Out-of-Plane Nonlinear Orbital Hall Torque

Abstract

Despite recent advances in orbitronics, generating out-of-plane orbital torques essential for field-free deterministic switching of perpendicular magnetization remains a key challenge. Here, we propose a strategy to produce such unconventional torques across broad classes of materials, by leveraging the nonlinear orbital Hall effect. We demonstrate that this nonlinear orbital response is dramatically amplified by topological band degeneracies, where it overwhelmingly dominates the spin response even in systems with strong spin-orbit coupling. These features are confirmed via a quantitative investigation of representative topological metals RhSi, YPtBi, and PbTaSe$_2$, by combining our theory with first-principles calculations. The resulting orbital torques substantially surpass those from linear mechanisms reported thus far.
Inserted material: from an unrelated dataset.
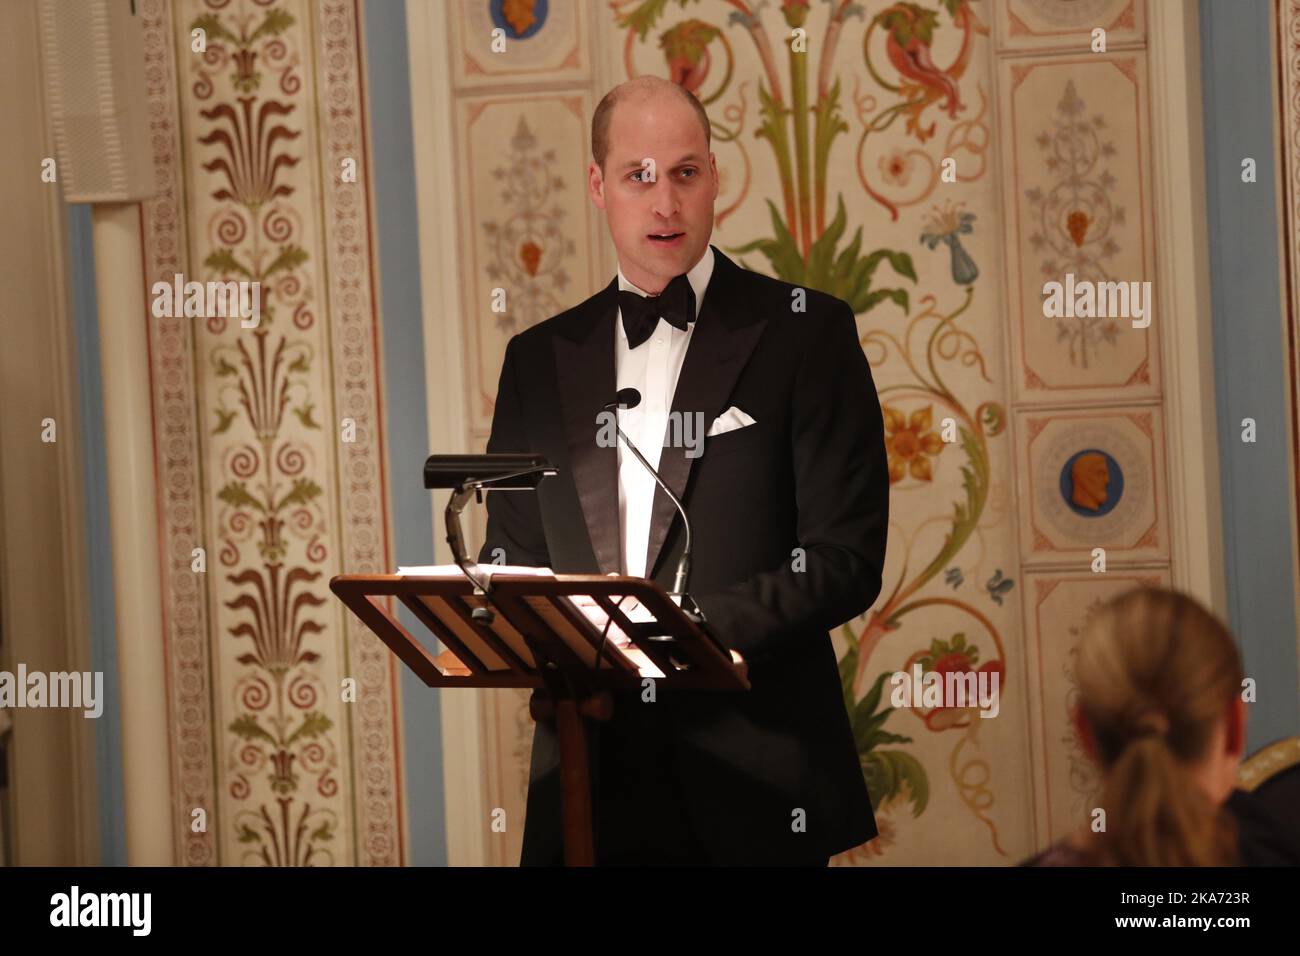 Oslo, Norway 20180201. Prince William of Great Britain and Duchess Kate visits Norway. Prince William, Duke of Cambridge speaks during the gala dinner at the Royal Palace on Thursday evening. Photo: Terje Bendiksby / NTB scanpix Stock Photo

These findings propel the research of orbital transport into the nonlinear regime, broaden the scope of orbital source materials, and establish a new pathway towards high-performance orbitronic devices.

Figures (3)

• Figure 1: Nonlinear CP orbital current response in Weyl model. (a) Calculated intrinsic NOHE conductivity $\chi_{zxx}^z$ (red curve) versus chemical potential $\mu$. The blue dashed curve is for the corresponding nonlinear spin current response. (b) $k$-resolved contribution to $\chi_{zxx}^z$ for $\mu$ slightly above the Weyl point. The unit of color map is $\mathrm{nm^{3}/V}$. Here, we take $m=1.2 m_e$, $\nu=1.0\ \text{eV}\cdot \text{\AA}$, and $T = 20$ K.
• Figure 2: (a) Lattice structure and (b) Brillouin zone of $\mathrm{RhSi}$. (c) Calculated band structure with SOC. Left panel shows the enlarged view of the dashed box around $\Gamma$. (d) Calculated NOHE conductivity $\chi_{zxx}^z$(O) (red curve) versus chemical potential at room temperature. The blue dashed curve is for the corresponding nonlinear spin current response $\chi_{zxx}^z$(S). (e) $k$-resolved contributions to NOHE $\chi_{zxx}^z$ around the $\Gamma$ point on the intrinsic Fermi level in $\Gamma$-M-R plane. The unit of color map is $\mathrm{\AA^{3}/V}$.
• Figure 3: Switchable CP NOHE in YPtBi. (a) Lattice structure of $\mathrm{YPtBi}$. (b) Band structure with SOC included. (c) Calculated NOHE conductivities $\chi_{zxx}^z$ and $\chi_{zyy}^z$ (red curves) versus chemical potential at room temperature. The blue curves show the results for the corresponding nonlinear spin current responses. (d,e) Schematic figure for a bilayer device structure. The CP orbital current generated from NOHE in the bottom layer (and the resulting torque on the top magnetic layer) can be switched by controlling the driving current direction (in $x$ or $y$ direction).